The really disturbing thing in Australia is that this attitude of hostility to capital and investment, an attitude whose only result can be a one way ticket to Greece, is actually leading in the polls, because Australia has a state owned broadcaster which has been captured by a leftist staff collective who are adamantly hostile to economic reality. This example of Australia’s State Broadcaster illustrates how state power is dangerous and needs to be limited. I hope we can sell off our sheltered workshop state broadcaster. Privatising communications would enforce market discipline and remove the power of ideas that are not backed by responsibility.
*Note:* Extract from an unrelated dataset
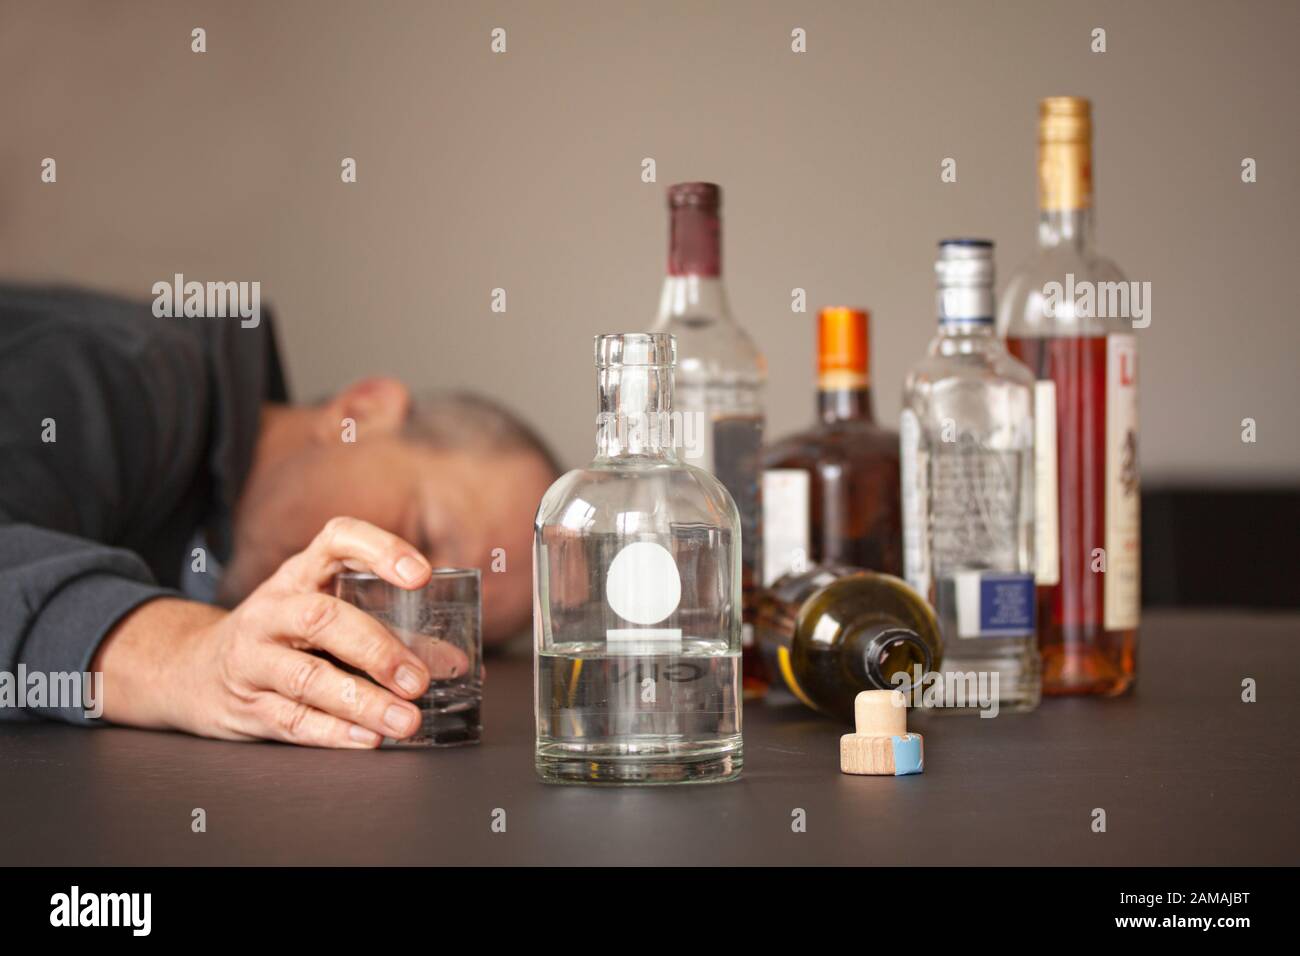 Организм после запоя. Алкоголизм. Люди с алкогольной зависимостью. Злоупотребление алкоголем.

The centre of gravity (or maybe I should write center of gravity) in US politics is well to the right of the situation in Australia. A friend of mine recently commented that Australia has a nanny state. Zakaria mentions how this cossetted attitude was rebutted by Margaret Thatcher with her famous slogan “There Is No Alternative”. Unfortunately, we are seeing that there is an alternative to progress and growth, and it its regress and stagnation. The amazing thing is that regressive thinkers like the new Pope of Rome have the brazen impudence to assert that their sentimental obsolete nonsense is good for the poor. I suppose this broad cultural recrudescence of neo-communism is in line with Hitler’s theory that if you tell a big enough lie then people will believe it. Pope Francis is welcome to his dream of all living in poverty, but it is hardly one that he can expect others to share. The danger is that such mentality can gain power, bringing risks of stagnation and conflict. The world cannot afford that.
Of course, you are exaggerating about a hankering for communism, Robert, emanating either from populist movements or from the Vatican. Communitarian values don't equate to ideological communism. There may be Romanticism in the views of some levelers who seek less stratified societies, but when this vision is successfully put in place in some capitalist countries in Europe, you have to recognize that less inequality is more than a dream and that it can also be consistent with general affluence.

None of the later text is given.